Venture firm a16z crypto says artificial intelligence could disrupt the online advertising model that has underpinned the internet for decades, as AI agents begin handling shopping and payments for users, reducing the role ads play in driving online traffic.
In a blog post published on Sunday, Sam Ragsdale of a16z crypto said the rise of autonomous AI agents could change how goods and services are discovered and bought online, arguing that unlike human users, such systems do not respond to advertising in the same way, which could reduce the value of the ad-supported web.
Old Internet Model Under Pressure
Ragsdale said the internet solved its early business model problem through advertising after micropayments failed to take off in the 1990s. That system allowed publishers and platforms to make money by capturing user attention, helping build the open web into a global commercial network.
However, that model is now being challenged by AI tools that can answer questions, compare options, and complete tasks without sending users through the same ad-filled path that shaped online browsing for years.
Ragsdale said that shift could become more visible as AI agents improve their ability to act on users’ behalf, from locating services and comparing prices to making purchases directly.
Open Networks vs.

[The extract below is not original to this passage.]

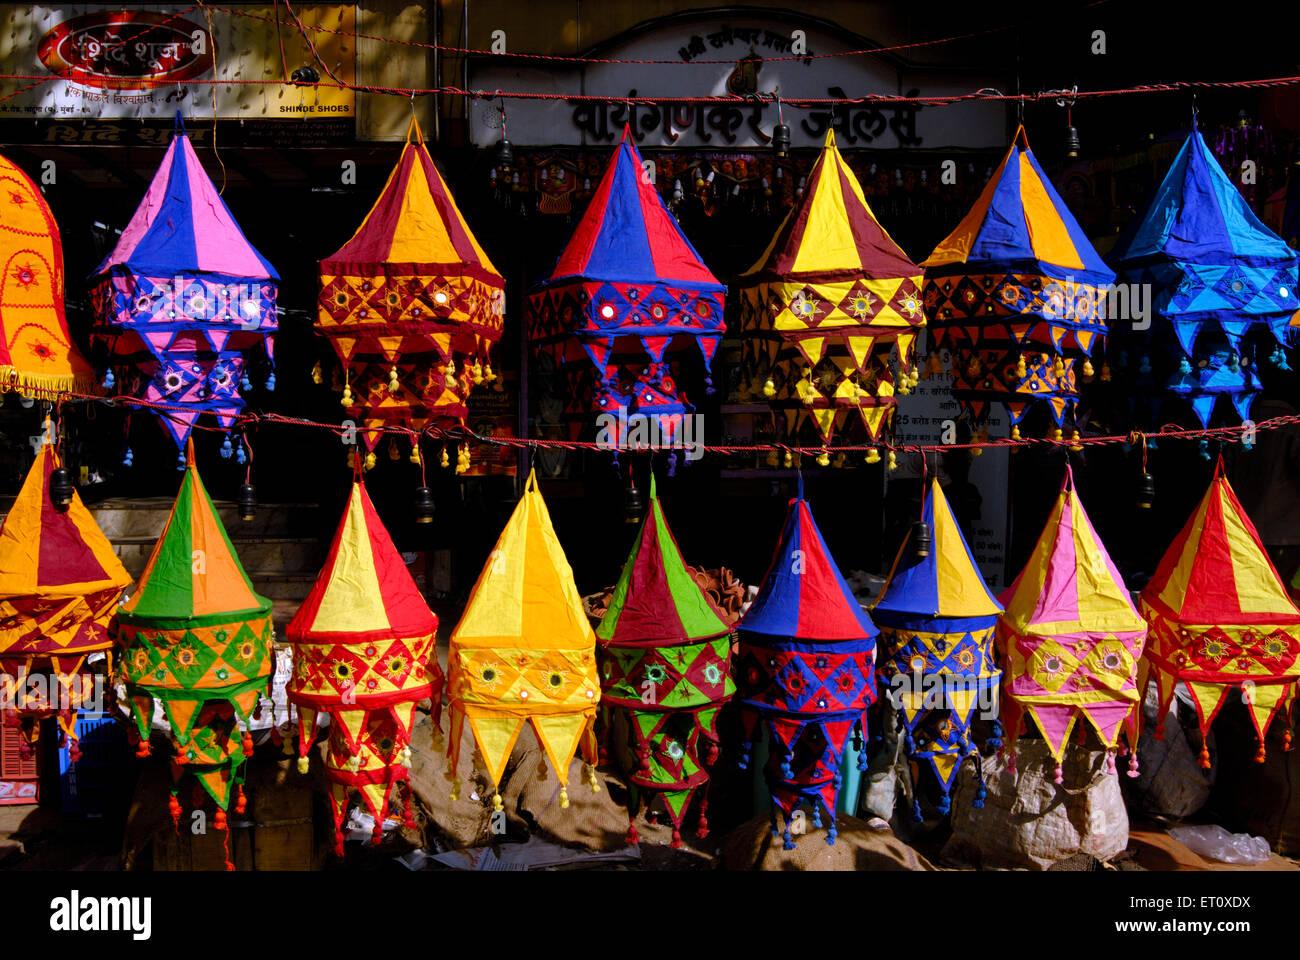 Colourful lanterns cloth lampshades handicraft work akashkandil hang colourful lanterns cloth lampshades handicraft work akashkandil hang shop for sell celebrating diwali festival dadar bombay aloadofball Images

Closed Platforms
Ragsdale also drew a distinction between shopping features offered inside major chatbot platforms and what he described as open agentic commerce.
He said chatbot-based purchasing tools may improve convenience but still operate within controlled ecosystems where merchants must be approved before they can participate. By contrast, open protocols would allow AI agents to transact more freely across the internet without depending on a single platform’s rules or preferred partners.
The broader idea, he said, is to create a system in which agents can pay for digital services, software, data, or other goods directly, much as websites once relied on open internet standards to scale beyond closed online platforms.
Payments and Discovery
Ragsdale pointed to emerging payment efforts such as “x402” and “mpp” as examples of infrastructure that could support that model, particularly by lowering the cost of small digital transactions.
He said the remaining challenge is discovery, as agents may be able to pay but still need reliable ways to find merchants and services available to them.
For a16z crypto, that is where the next phase of online commerce may take shape. If AI agents begin to search, decide, and transact on their own, Ragsdale believes the internet could move away from an economy built around advertising and toward one driven more by direct machine-to-machine payments.